Key takeaway: Kinesthetic learners are often underestimated in traditional education systems based on listening and reading. If you've always felt like you learned "slowly," the problem might not have been you -- it was the format.
Multimodal: What If You Have Multiple Styles?
Fleming himself emphasized that many people are multimodal. You might be primarily Visual with a strong Kinesthetic component, or balanced across all four styles. That's actually quite common.
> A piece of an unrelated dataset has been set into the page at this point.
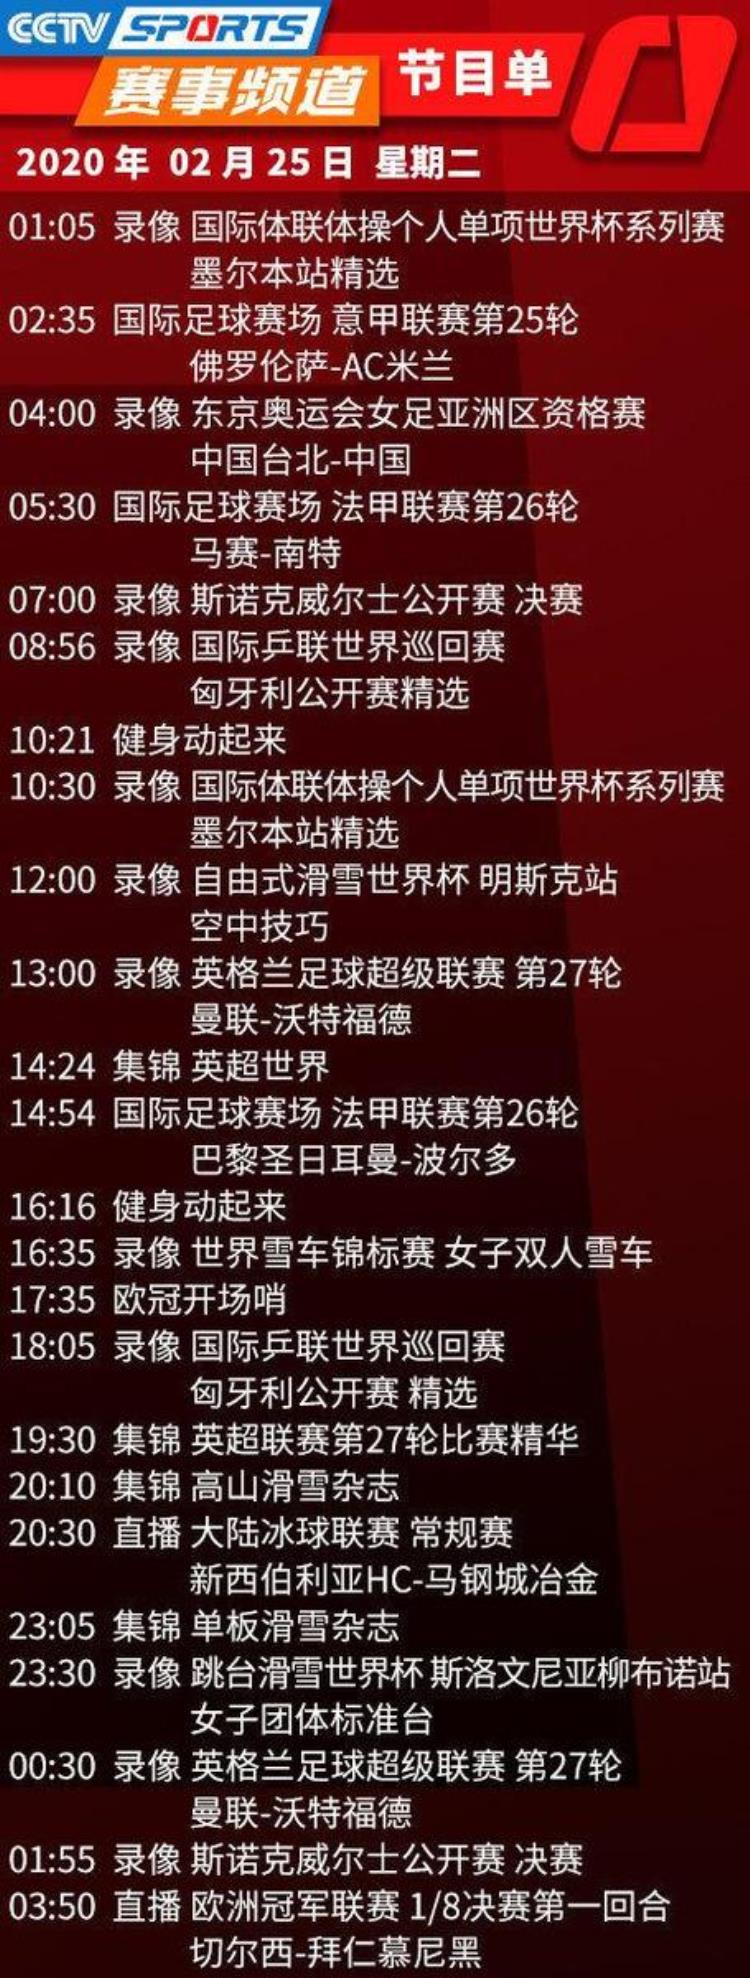 央视体育CCTV5/5今天节目单(2月25日)明天凌晨欧冠比赛
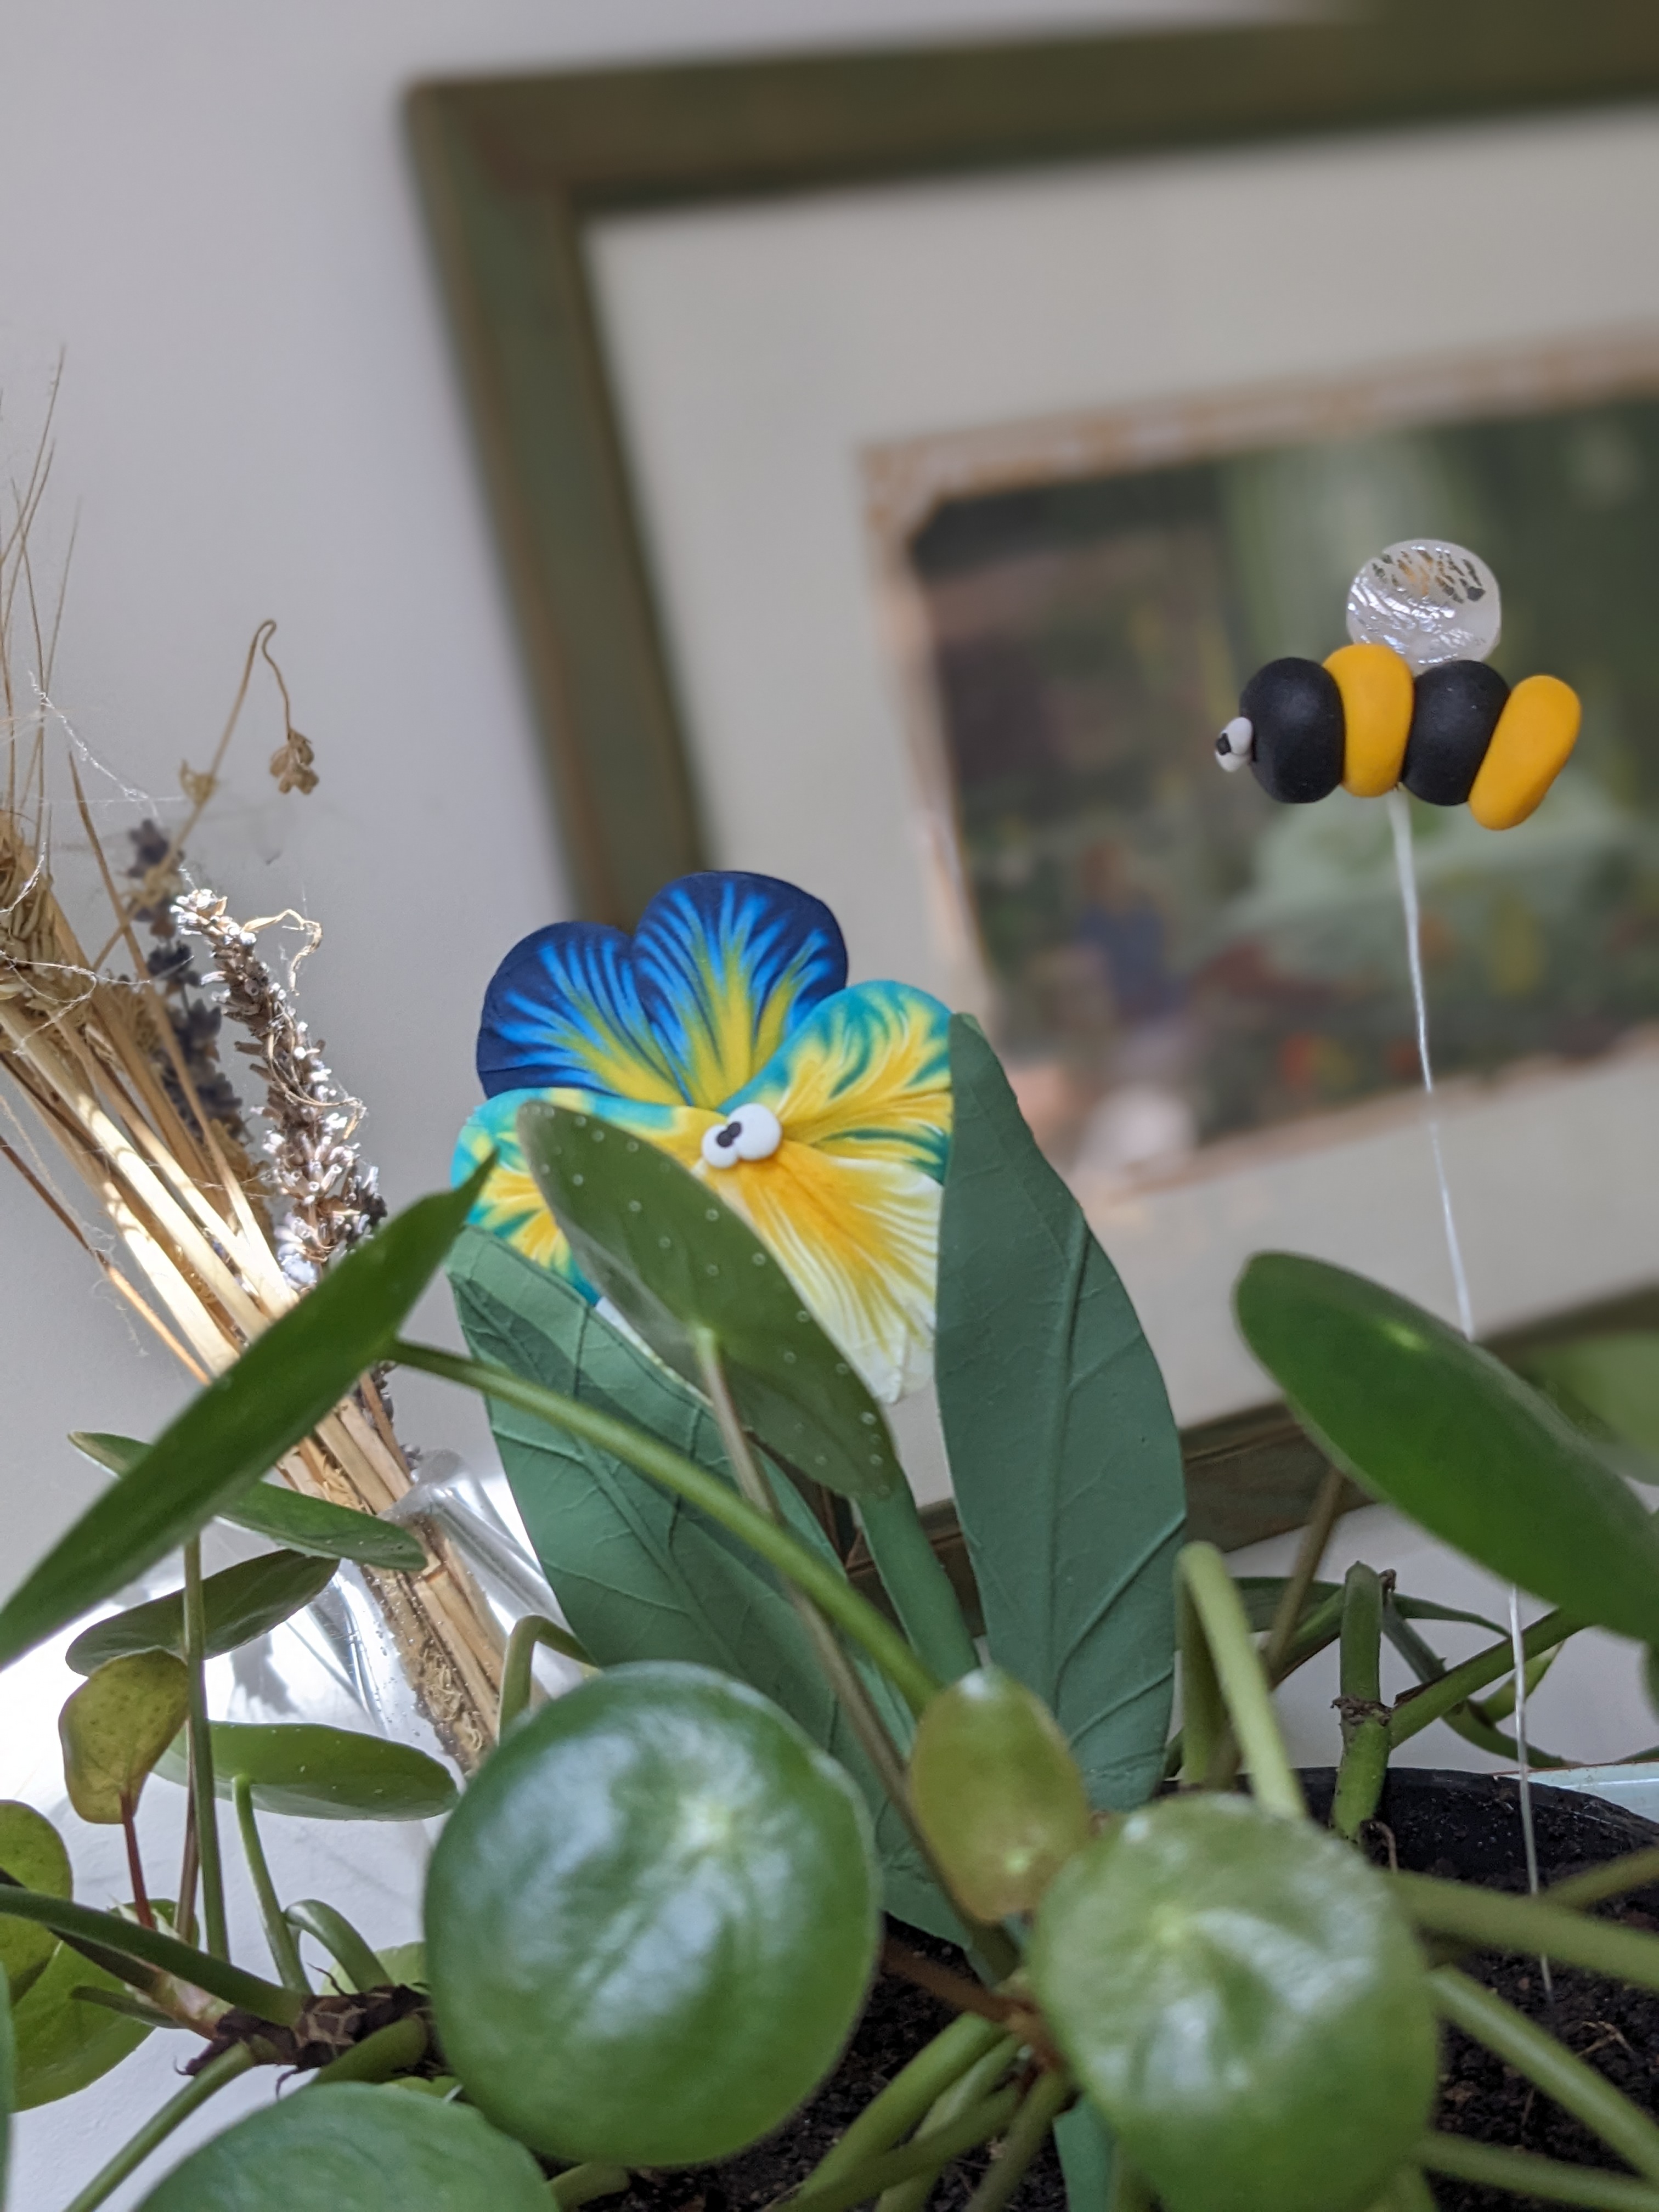 Au Jardin : Retrouvez ici une collection éclatante de figurines inspirées de la nature. Des abeilles butinant des fleurs de pensée aux papillons virevoltants parmi les fleurs, chaque pièce capturera la beauté et la magie des espaces extérieurs.

The point isn't to box yourself in, but to understand your preferences so you can:
- Adapt your learning methods when you have a choice of format
- Compensate when the imposed format doesn't match your style
- Communicate better by presenting information in multiple ways
Key takeaway: You're not locked into a single style. Most people are multimodal. The goal isn't to put yourself in a box, but to understand your preferences for more effective learning.
Key takeaway: Varying learning formats (visual, oral, written, hands-on) benefits everyone, regardless of their dominant style. The multimodal approach is the most robust.
VARK in the Workplace: Beyond the Individual
Training and Onboarding
If you're designing training programs, think about covering all four styles. Good onboarding combines:
- Written documents (R)
- Diagrams and visuals (V)
- Explanation sessions with a mentor (A)
- Hands-on practice scenarios (K)
Management
Understanding your team members' VARK styles helps you adapt your communication. Some people retain a verbal briefing better, others need a summary email, still others need a diagram or a hands-on exercise.
Teamwork
On a project, Visuals can handle presentations and diagrams, R/W learners can manage documentation, Aural learners can coordinate check-ins, and Kinesthetic learners can handle prototypes and testing.
What VARK Doesn't Tell You
The model has its limitations, and it's important to know them:
- VARK doesn't measure intelligence or learning capacity. It describes a preference, not an aptitude.
- Context influences your style. You might be Aural for languages and Visual for mathematics.
- Some researchers debate the effectiveness of strictly adapting teaching to the dominant style. The multimodal approach (varying formats) seems beneficial for everyone.
Key takeaway: VARK describes a sensory preference, not intellectual capacity. One learning style is neither better nor worse than another.
Identify Your Dominant Style
Knowing your VARK profile is a shortcut to more effective learning. Whether you're in training, making a career change, or simply curious about optimizing how you learn, this framework will be useful in your daily life.